264 Week 14 notes

Comp 264-002, Spring 2019,MWF, 11:30-12:20, Cuneo 218

Readings (from BOH3)

See the study guide on Sakai

Loop Unrolling

2×1 unrolling: add 2 array elements at a time using 1 accumulator
for(i=0; i<MAX; i+=2) {sum = (sum + A[i]) + A[i+1];}

The sums (or multiplications) must still be done sequentially. The best we can achieve is the latency limit.

2×2 unrolling: add 2 array elements at a time using 2 accumulators
for(i=0; i<MAX; i+=2) {sum1 += A[i]; sum2 += A[i+1];}

Now the operations can be done in parallel. This allows bypassing the latency limit, and may allow approaching the throughput limit.

Chapter 7: Linking

linking.html

PIC and dynamic libraries; the GOT and the PLT

Most linux system calls, when an error occurs, return -1 or 0. They also set the global variable errno, which can be examined to obtain additional error information. See the errno man page. (Note that some errors, such as segfaults, are not due to syscalls and so don't involve errno.)

Virtual Memory

Here are some things virtual memory accomplishes:

1. Makes it seem like there is more memory than there really is. If there are more virtual pages than physical pages, the extras are kept on the disk, in swap space (or, on windows, the pagefile). This is no longer so significant, though seldom-used memory structures do still get "paged out". From this perspective, DRAM acts as a cache for the disk.

2. Keeps processes isolated from one another. This is still a big deal. No process can touch the virtual memory of another process, except in limited cases when that is allowed.

3. Prevents memory fragmentation. With physical memory, if you have something allocated every 4KB, even just a few bytes long, then you cannot create a contiguous 8KB object. But with virtual memory, this is easy. The heap and the stack are far enough apart in virtual memory that they will, in practice, never collide. New pages can be added to either.

4. Allows faster I/O, by supporting mapping instead of copying. Traditionally, the kernel reads data from the hard disk or network interface into a buffer, and then has to copy the data into the user-process address space. But with virtual memory, the memory block containing the buffer can simply be mapped into the user-process address space, with no copying. Generally this is not the default

5. Allows intentional sharing of memory. For example, a certain buffer can be mapped into the address spaces of two different processes, allowing those processes a "window" through which they can communicate.

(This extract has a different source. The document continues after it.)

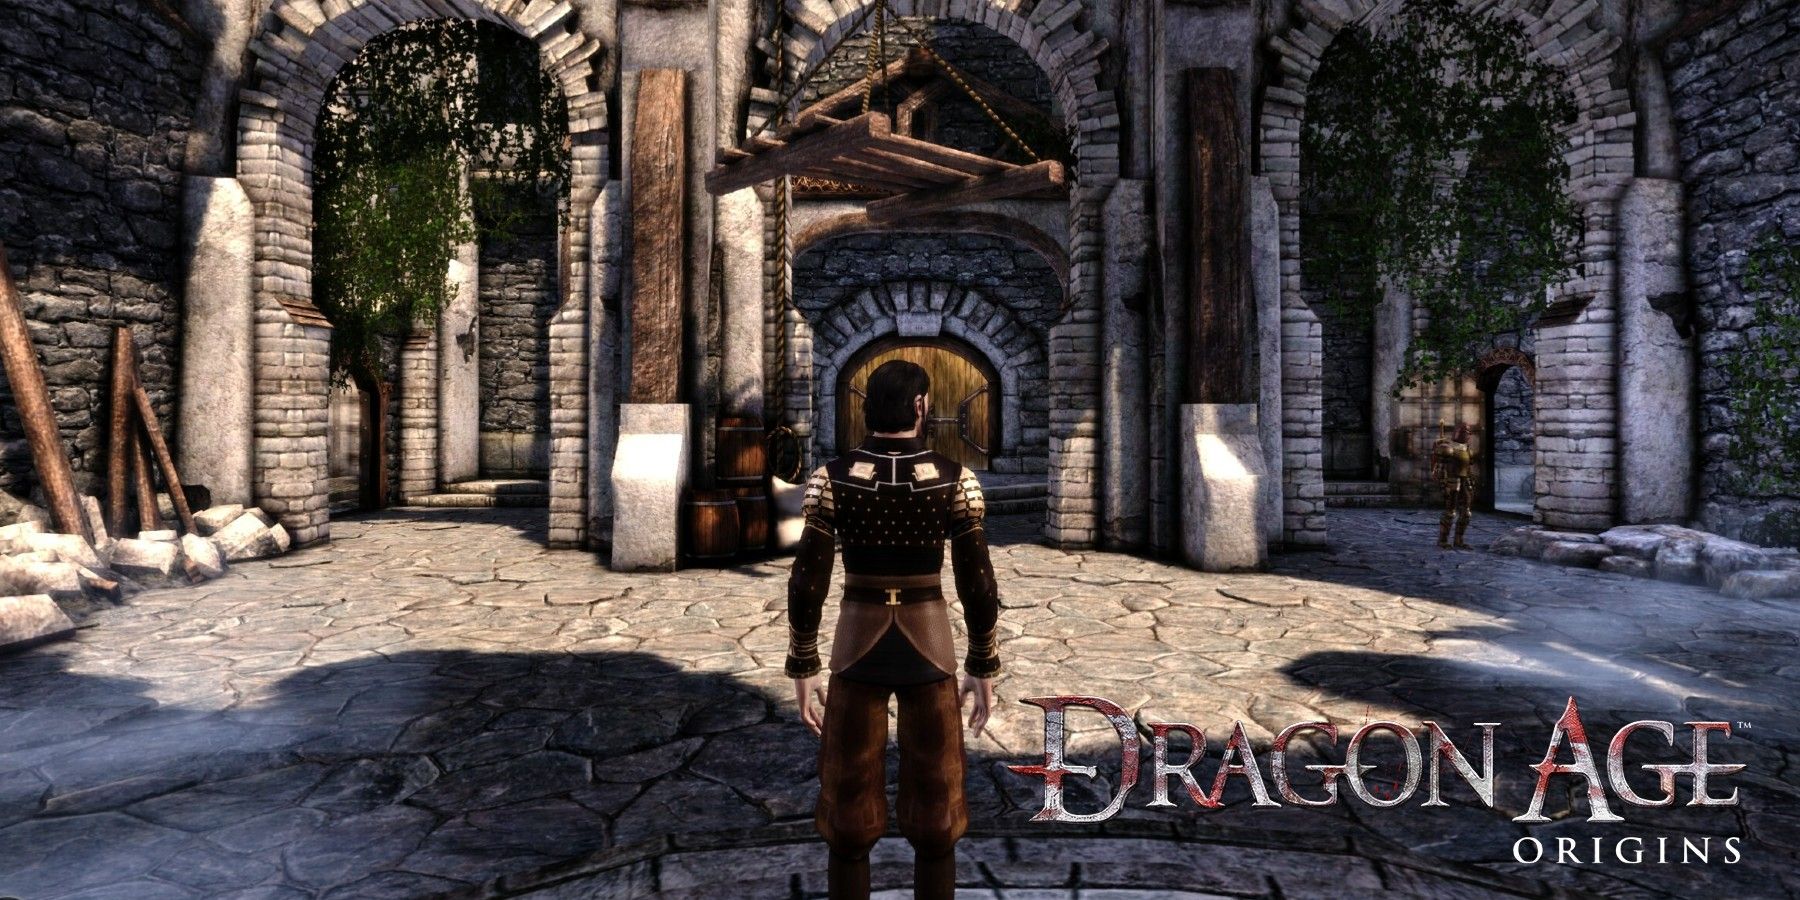 Dragon Age: Origins Review 
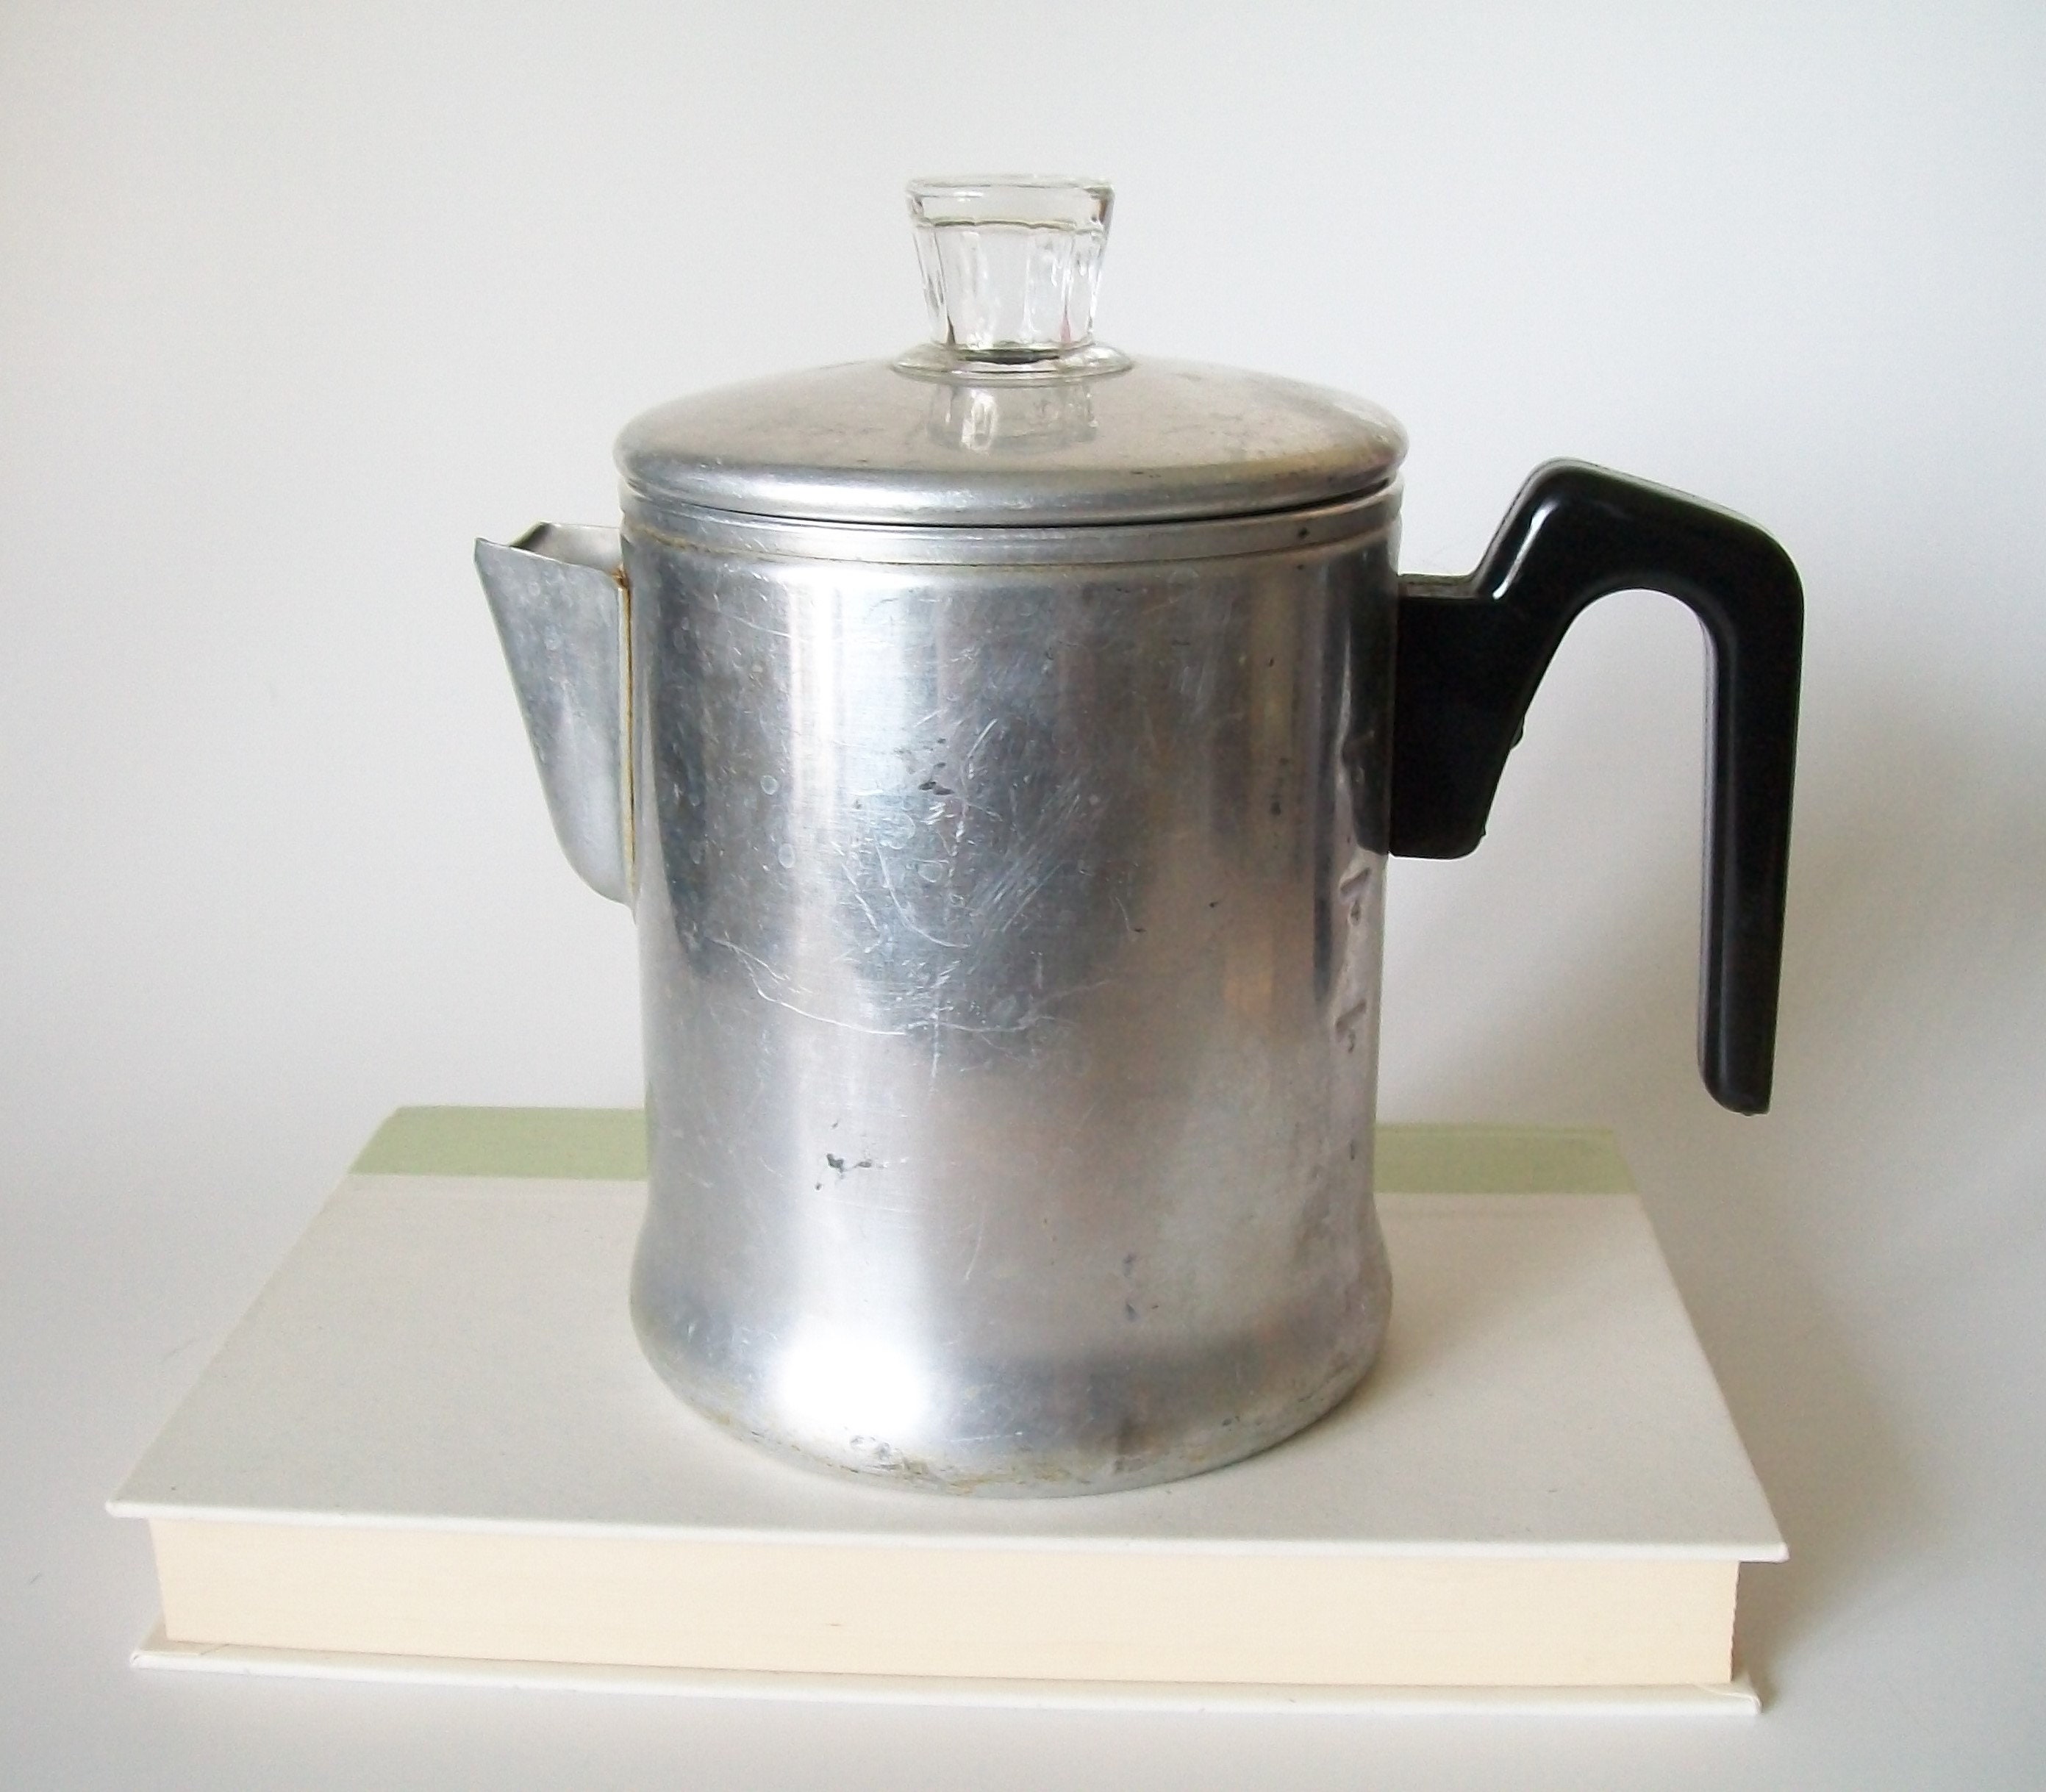 Kitchen, Vintage Aluminum Coffee Pot Glass Percolator Wooden Handle

6. Allows per-page permissions. For example, the permissions "execute or write, but not both", sometimes abbreviated to X^W, means that if a page contains executable code, it must be read-only. If the virtual-memory system encounters a branch to a page without execute permission, then an error occurs. This prevents an attacker from writing the code that they will execute. (It does not prevent so-called "return from libc" attacks where the attacker selects a well-known section of C code to branch to, and that code, because it is not being executed starting at its intended entry point, has some unanticipated consequences.

fork() and exec()

This is how new processes are initialized on unix-based (Mac and Linux) systems. The fork() call creates the new process running the same program as the parent (the child and parent processes know which is which, though). The child sets up the new-process environment, and proceeds to launch the actual program requested via the exec() call.

The fork() system call creates a second process but with the same virtual-address pages, running the same program. The .text pages are the same, and so are, initially, the .data pages. However, the latter have the copy-on-write attribute, meaning that if the child process attempts to modify any data, then the applicable virtual-memory pages are copied first. This makes the fork() call a very lightweight operation.

The exec() system call then takes a new ELF file, and maps it in (in the sense of virtual memory) to the child address space (which has been prepared by the child after the fork() call). But these pages are not actually loaded into memory until they are needed. When the child process branches to the main() function of the new ELF file, a page fault occurs, and that virtual page is loaded from the disk to memory.

shared libraries()

Shared libraries depend on virtual memory. For one, virtual memory is what allows the shared-library data pages to be mapped in at a fixed offset relative to the text (code) pages. The GOT/PLT strategy depends on this. For another, virtual memory is what allows the shared-library text pages -- the pages that are actually shared -- to be marked as read-only to the individual processes involved. Finally, it is virtual memory that allows each process loading the library to share the text pages, but to each get their own copies of the data pages. The text + data looks too each sharing process like an integral unit, but they are quite different.